O’Kelley credited all the holding companies for taking the issue seriously and cited WPP and GroupM in particular for moving last year to reach zero emissions across its own network as well as the entire supply chain it works with by 2030.

“They set the standard for the market, and that is causing a seismic shift throughout the market,” said O’Kelley. “That means every every publisher, every media owner, has to have a net-zero strategy. They don’t — most companies haven’t started taking this seriously yet.”

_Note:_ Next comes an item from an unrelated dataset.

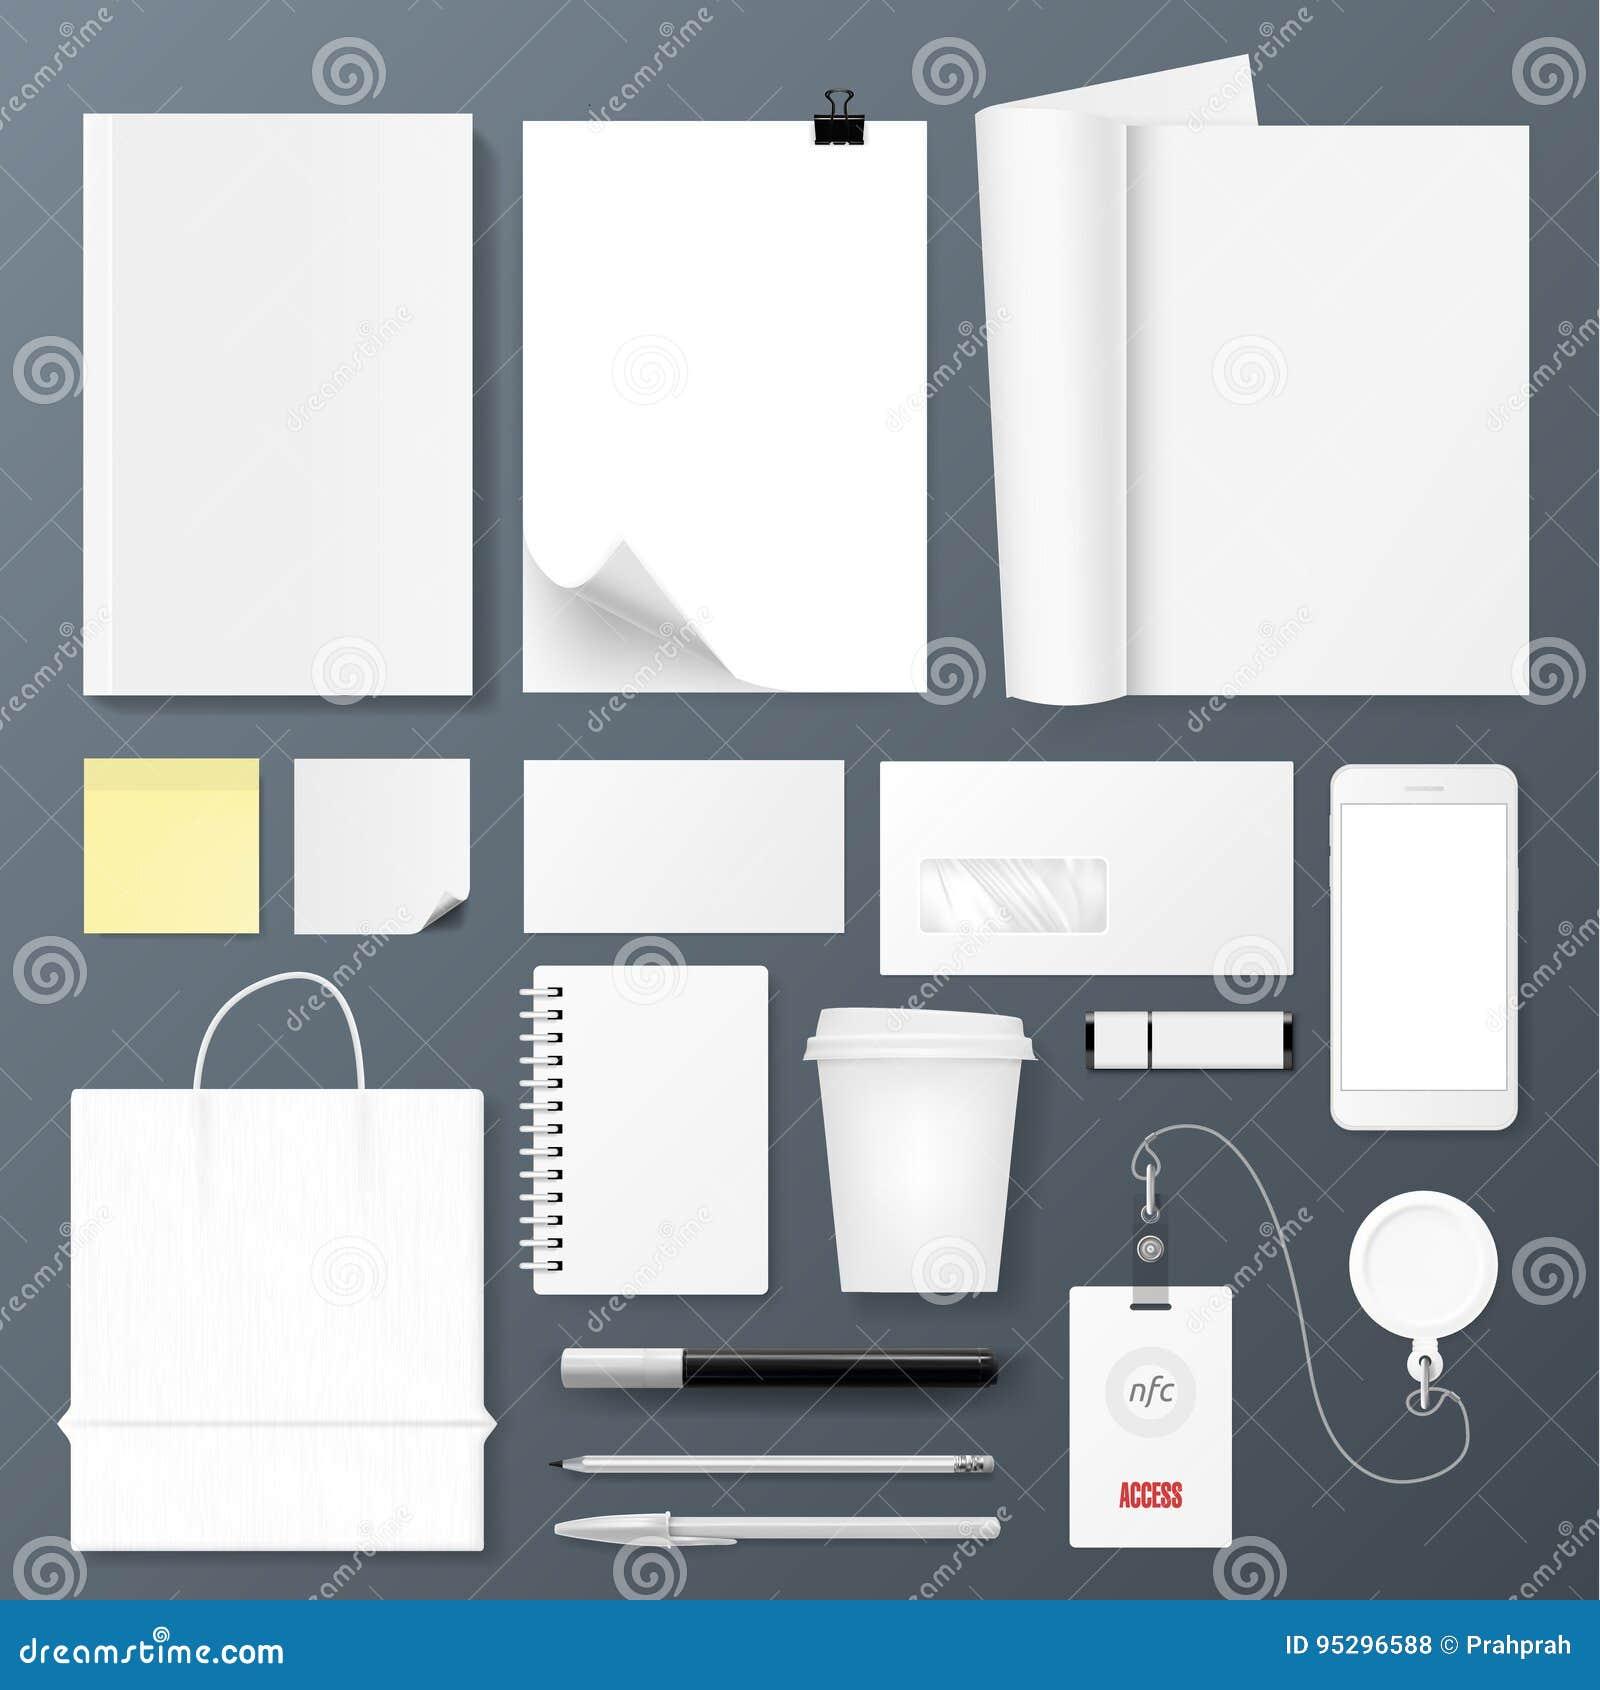 Office Corporate Identity Template Set. Design For Branding

Last week, attention metrics firm Adelaide promoted its AU metric to optimize ad campaigns to be more effective, and therefore less wasteful. The company worked with Scope3 to show how attention applied to planning created 14 percent fewer emissions than using viewability as a metric. “Buying higher quality media benefits publishers, consumers and advertisers. And now it also benefits the environment,” said Marc Guldimann, CEO of Adelaide.

Color by numbers

$1.5 billion — that’s the haul that connected TV and streaming platforms are expected to secure from political advertisers in the lead-up to this fall’s midterm elections. It amounts to 17 percent of total expected political ad spend this year. This is according to data intelligence firm AdImpact, which has partnered with Innovid/TV Squared on cross-platform measurement for political campaigns in linear and CTV.

Takeoff & landing

  • Mindshare hired Kathy Kline is to be chief strategy and innovation officer for North America. Kline was most recently global chief strategy officer at Starcom. Mindshare also launched Precisely Human Intelligence, a machine-learning-based suite of tools that aims to “help brands better understand the motivations, mindsets and emotions that drive consumer decision-making and then buy those audiences at scale.”
  • Stagwell promoted three executives within its Constellation network: Justin Lewis, co-founder and CEO of Instrument was named chair of the network. He replaces current chair John Boiler (founder of 72andSunny), who becomes creative chair. Replacing Lewis as CEO of Instrument is president Kara Place.
  • Private equity firm GTCR, through its portfolio subsidiary Dreamscape, made a strategic investment whose amount it wouldn’t disclose, into ad intelligence firm Standard Media Index. SMI’s CEO James Fennessy will step down but join Dreamscape’s board and will be replaced by martech veteran Scott Knoll, one of Dreamscape’s partners.

Direct quote

“Online platforms should be subject to the same policies as television and radio broadcasters. Content aired on television and radio have strict standards, which serves to both attract audiences and advertisers to those platforms. The internet, in that sense, should be no different. Platforms should be allowed to have the ability, like their counterparts, to have standards which dictate which content they allow to provide for the best user experience.”

— IAB’s EVP for Public Policy Lartease Tiffith, on the organization’s opposition to the Texas law that restricts content moderation.